En fait, ce qui permet à HARDCORE HENRY de fonctionner, c’est sa grammaire vidéoludique. Le risque est évidemment qu’il FAUT maîtriser cette grammaire pour apprécier le film à sa juste valeur.
L’exemple le plus concret sera le scénario du film qu’il sera assez facile de critiquer. Celui-ci se résume effectivement à un prétexte tout ce qu’il y a de plus bateau et couillon : un mec surhumain veut retrouver sa meuf et se bat contre des méchants… Pourtant, à l’instar d’un Fury Road ou des classiques Bioshock ou Last of Us, ce sont les environnements et les actions des personnages qui racontent l’univers, celui-ci étant par conséquent assez dense, à l’inverse de l’histoire. Puis de toutes façons comme dans la plupart des titres AAA*, le scénario en tant que tel est accessoire par rapport à « l’expérience de jeu ». Il n’est alors pas un problème de lier deux séquences d’action par des « cinématiques » plus ou moins courtes, où PNJs (et téléphones) donnent succinctement au joueur / spectateur, divers objectifs prétextes.
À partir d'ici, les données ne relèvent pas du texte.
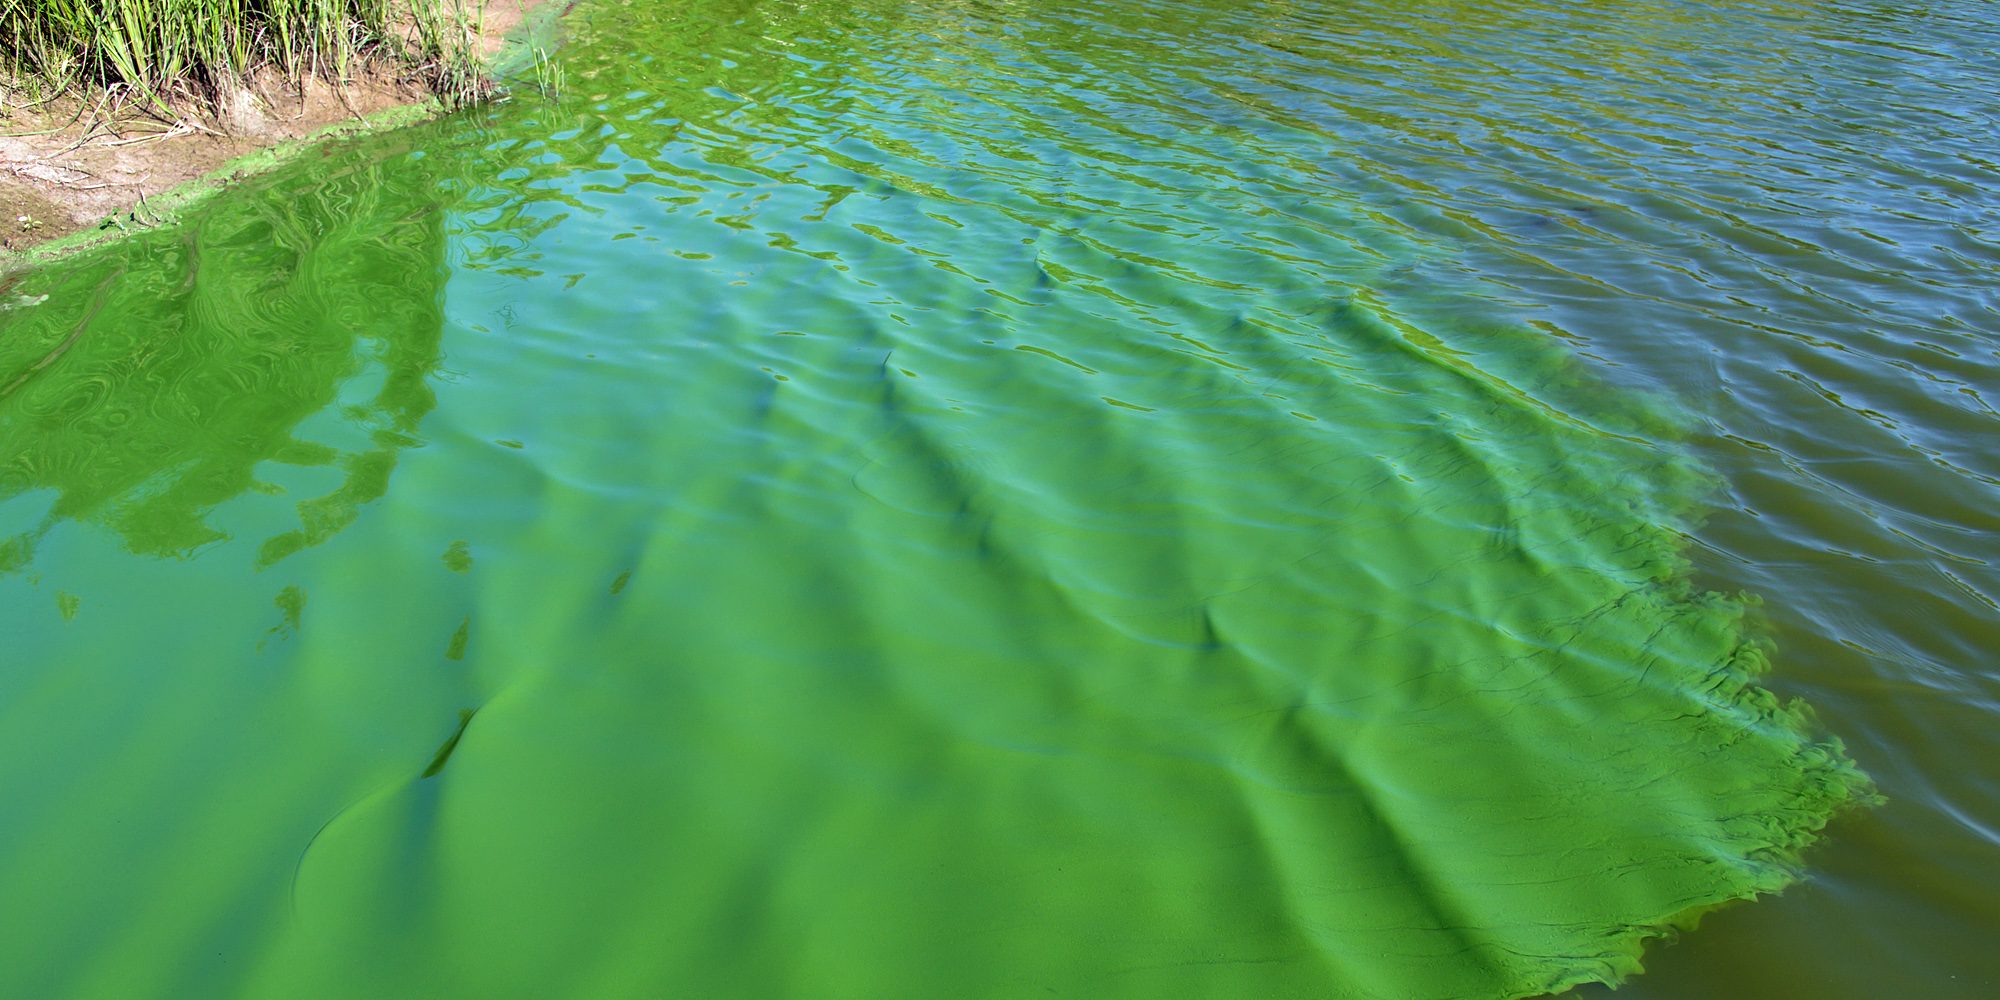 Discovery of smelly toxin-producing algae closes Hamilton's Pier 4 public beach

Cela permet de maintenir un rythme très élevé (en moyenne, 2min d’exposition, pour 7-8min de scènes d’action discontinue, 9 fois d’affilée) même si par nature chapitrer de telle façon un récit amène une certaine répétitivité, en dépit de toute profondeur d’histoire ou de la générosité s’exprimant au travers de la variété des situations.
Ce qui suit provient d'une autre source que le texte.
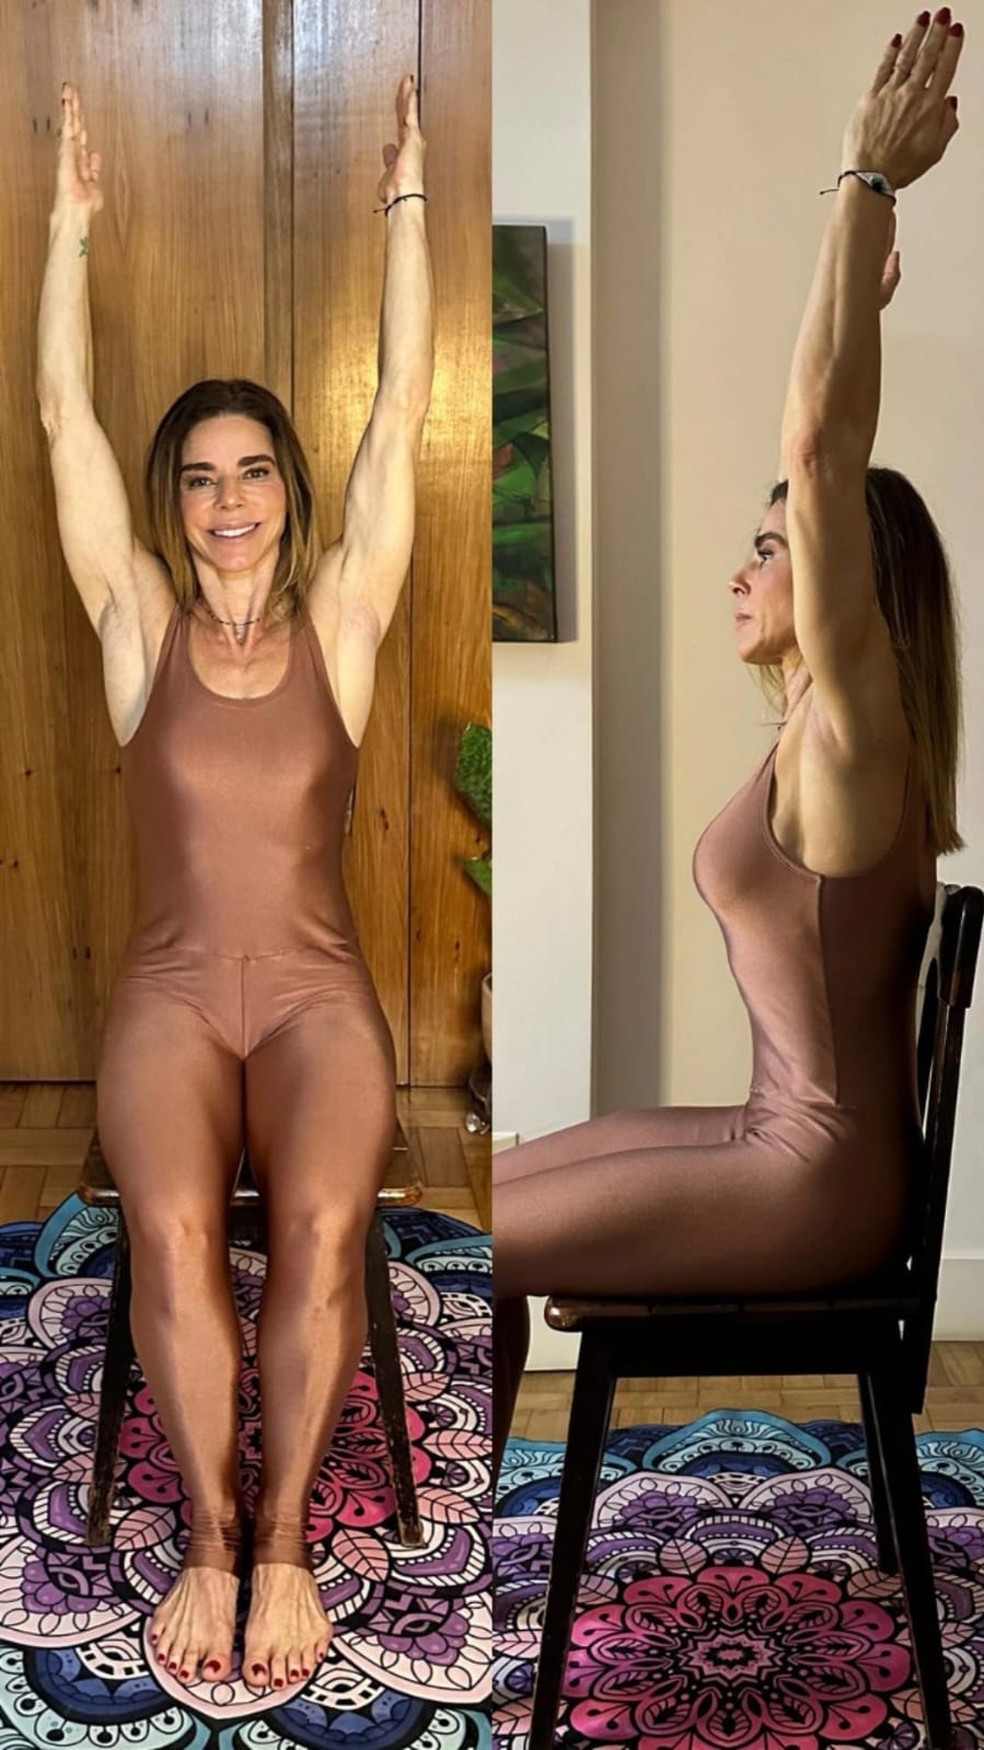 Adriana Jarva - Yoga Instructor - Sou Yoga

[toggler title= »HARDCORE HENRY : chapitres (SPOIL) » ]
Intro / 1er chapitre – le labo
– réveil; introduction du premier PNJ : Estelle;
– attaque;
– BOSS : Akan (N°1), le bad guy nemesis
– fuite
2ème chapitre : l’extérieur
– introduction d’un nouveau personnage : le bad guy bis
– 1er combat
– 1ere utilisation de l’environnement
– Deus Ex Machina / fuite
– introduction du nouveau personnage : James
– nouvel objectif: trouver une batterie
– attaque(s) surprise(s)
– trouver X au Xème étage d’un hotel (niveau vertzical)
– BOSS: poursuivre X dans les rues de la ville
4ème chapitre : le strip club
– nouvel objectif: retrouver James au strip club (niveau d’exploration)
– survivre à l’attaque
– BOSS: Akan (n°2)
– fuite
5ème chapitre : l’autoroute
– Présentation d’un nouveau personnage: une amazone (?)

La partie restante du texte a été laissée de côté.